Severe skin and subcutaneous pythiosis in China: Metagenomic identification and characterization of Pythium insidiosum.

Abstract

Pythium insidiosum is a rare fungus-like pathogen that is known to cause pythiosis in mammals with high morbidity and mortality. Identification of the pathogen is essential for timely treatment and rational use of antibiotics. However, Pythium insidiosum is difficult to detect via conventional microbiological tests. The current gold standard is polymerase chain reaction, which is lacking in most hospitals since human pythiosis is rare in China. In this study, we used metagenomic Next-Generation Sequencing and identified Pythium insidiosum in a 56-year-old Chinese male who was hospitalized due to severe edema in the right lower limb with scattered darkening indurations. The patient had a history of cirrhosis and occupational exposure to swamp water. Serological level of immune biomarkers indicated immunodeficiency, and Proteinase 3-Anti-Neutrophil Cytoplasmic Antibody was positive.
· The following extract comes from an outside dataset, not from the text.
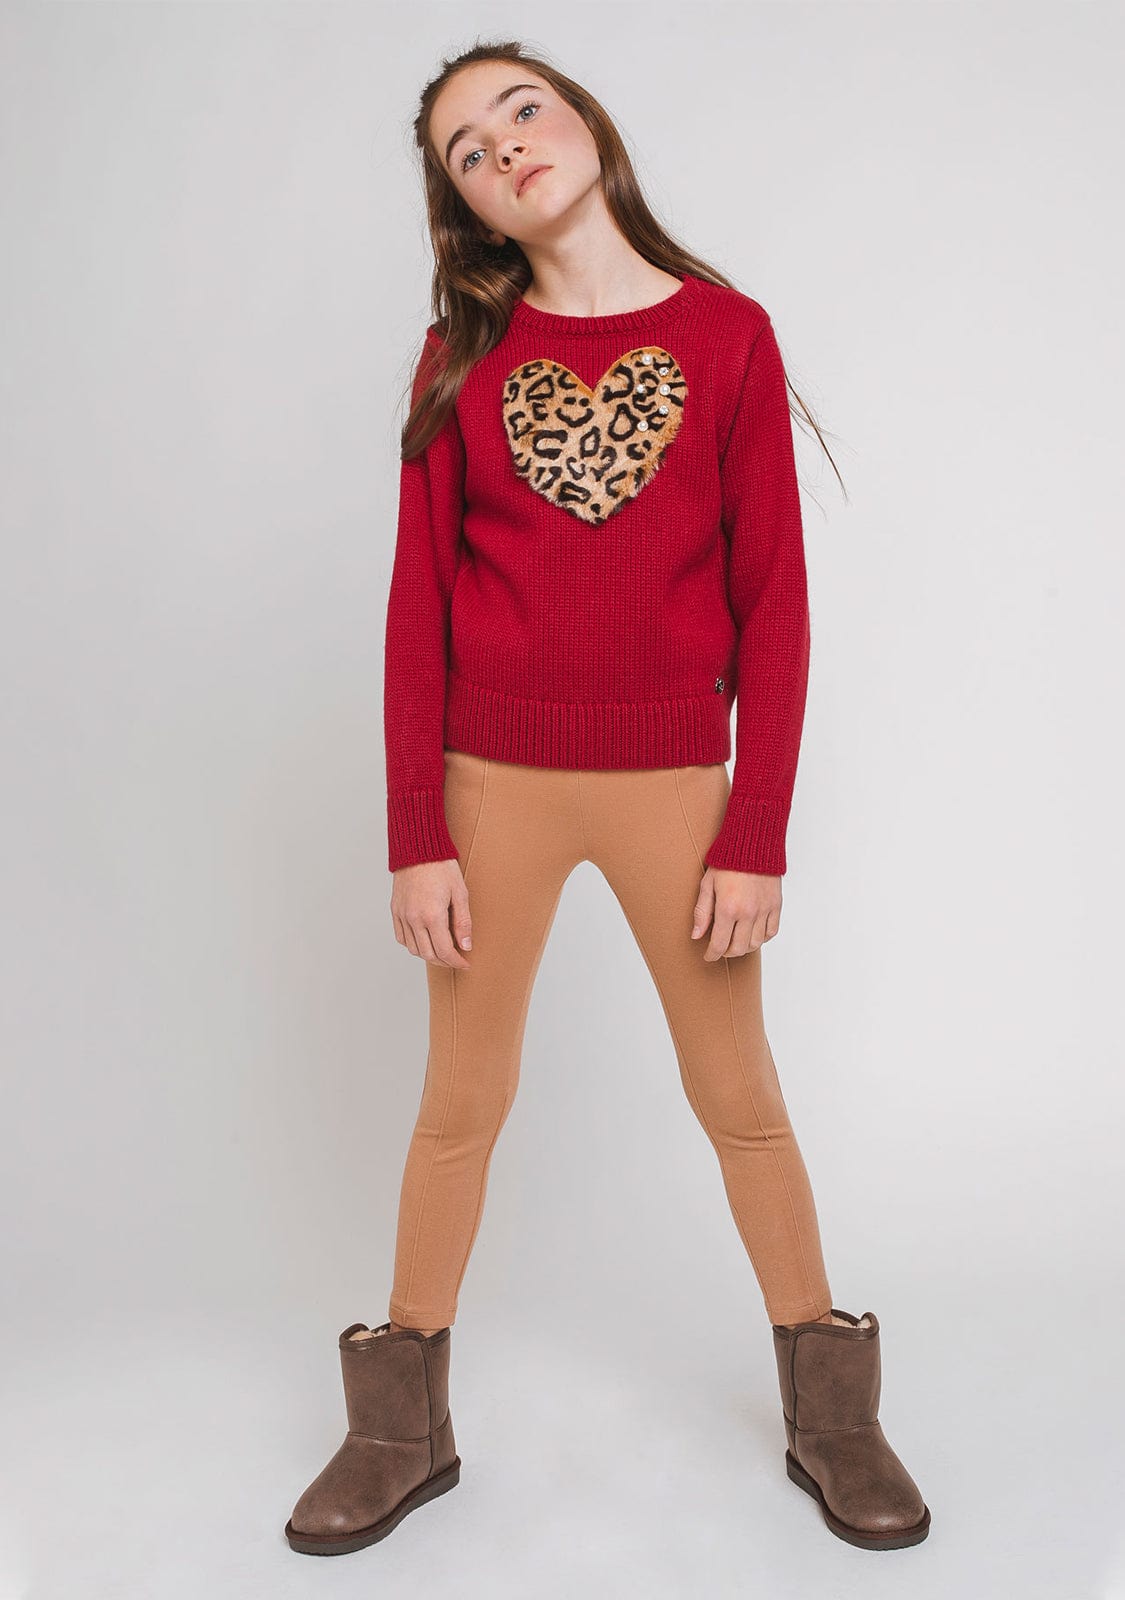 CONGUITOS TEXTIL Clothing Girl's "Leopard Heart" Red Jersey

Surgical incision of the lesions revealed radiating and reticular cutaneous ulcers. Microbial infections were suspected but conventional tests failed to discover the etiology. Empirical use of penicillin, vancomycin, and ceftriaxone had no effect. As a result, the peripheral blood and tissue biopsies were sent for metagenomic Next-Generation Sequencing, which reported Pythium insidiosum. This finding was corroborated by pathological staining, whole-genome sequencing, and internal transcribed spacer sequencing. Notably, antifungal treatment was ineffective, but the patient responded well to oral trimethoprim–sulfamethoxazole, which may be due to the folp gene found in Pythium insidiosum genome. Our study prompts future studies to determine the optimal treatment of skin pythiosis.